Data supplied –
[Start of section]
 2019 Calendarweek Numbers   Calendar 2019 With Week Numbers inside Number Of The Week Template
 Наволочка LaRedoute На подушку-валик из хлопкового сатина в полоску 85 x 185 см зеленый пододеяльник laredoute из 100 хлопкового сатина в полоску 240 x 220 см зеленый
[End of section]
[Start of section]
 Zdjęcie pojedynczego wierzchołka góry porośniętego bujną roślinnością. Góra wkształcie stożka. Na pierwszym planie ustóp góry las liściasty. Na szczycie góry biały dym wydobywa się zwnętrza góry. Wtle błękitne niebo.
[End of section]
[Start of section]
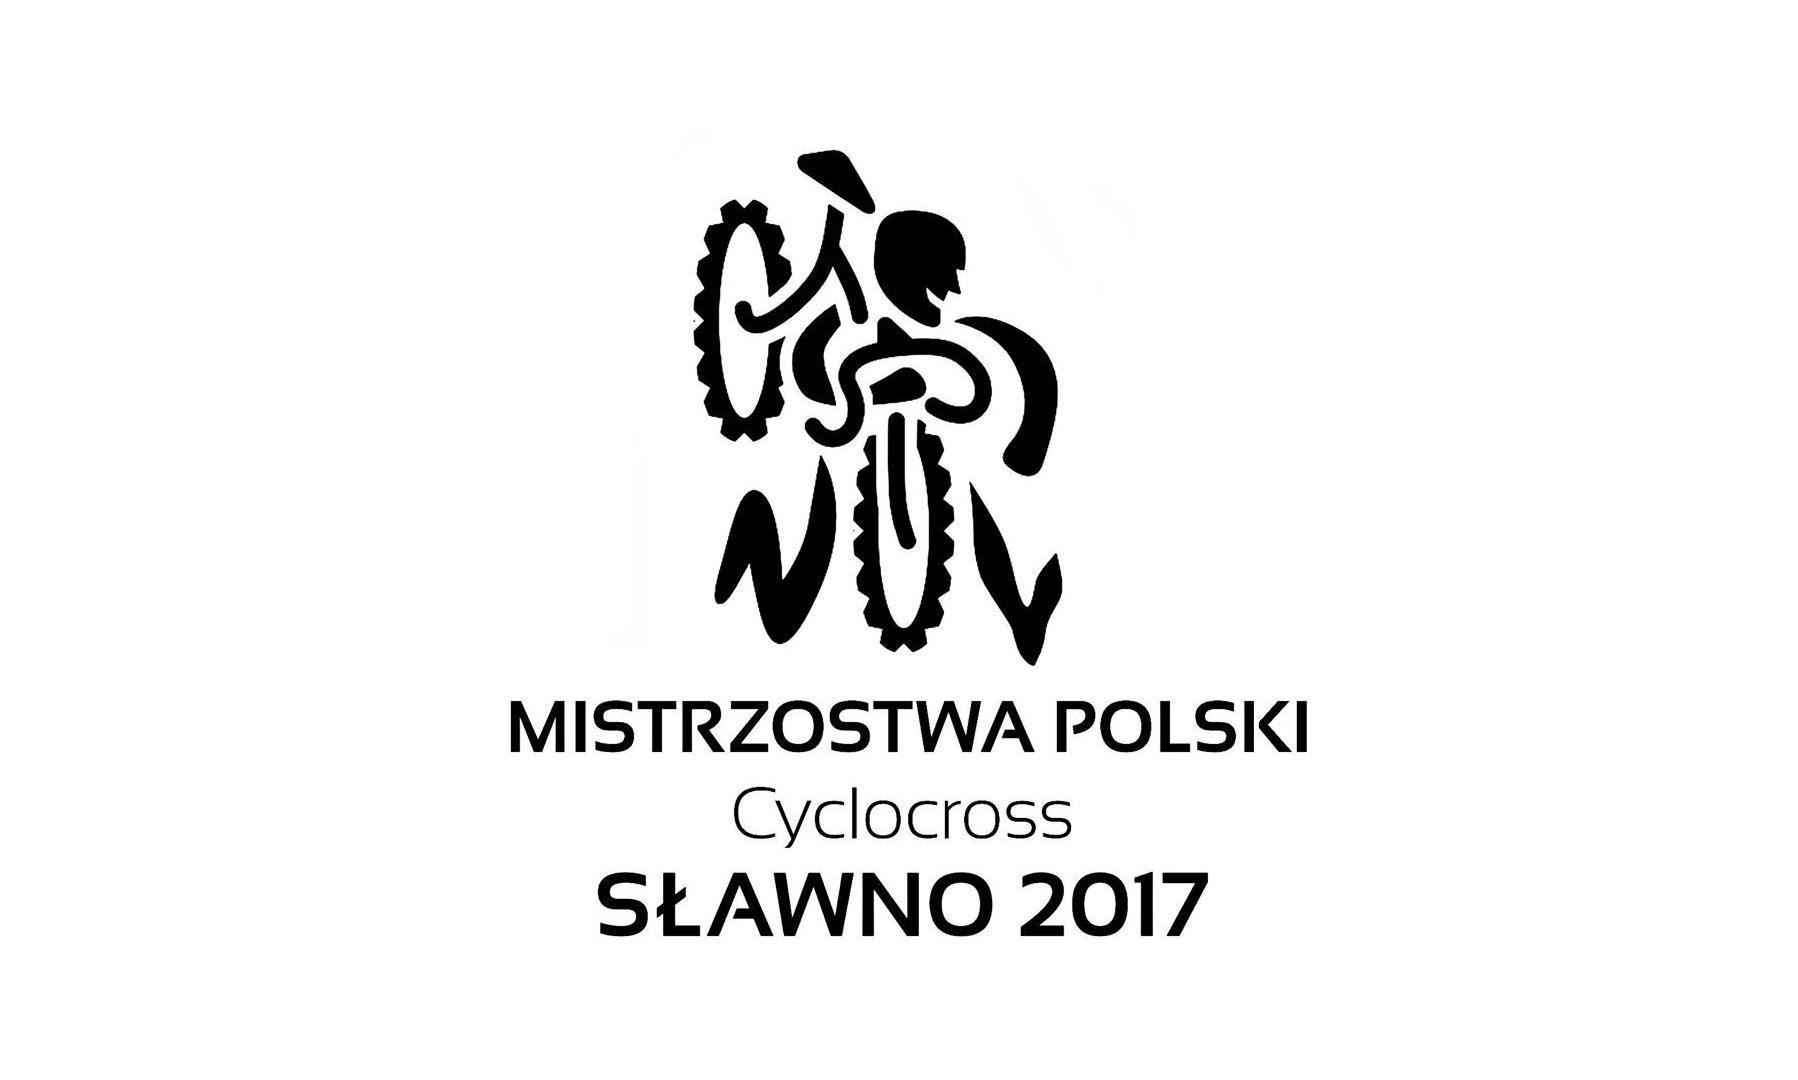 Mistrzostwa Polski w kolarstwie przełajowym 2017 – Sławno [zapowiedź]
[End of section]
Your assignment – Given the records above, return exactly the lines starting at the line containing "2019 Calendarweek Numbers" and ending at the line containing "Наволочка LaRedoute На", including both.

Written solution –
 2019 Calendarweek Numbers   Calendar 2019 With Week Numbers inside Number Of The Week Template
 Наволочка LaRedoute На подушку-валик из хлопкового сатина в полоску 85 x 185 см зеленый пододеяльник laredoute из 100 хлопкового сатина в полоску 240 x 220 см зеленый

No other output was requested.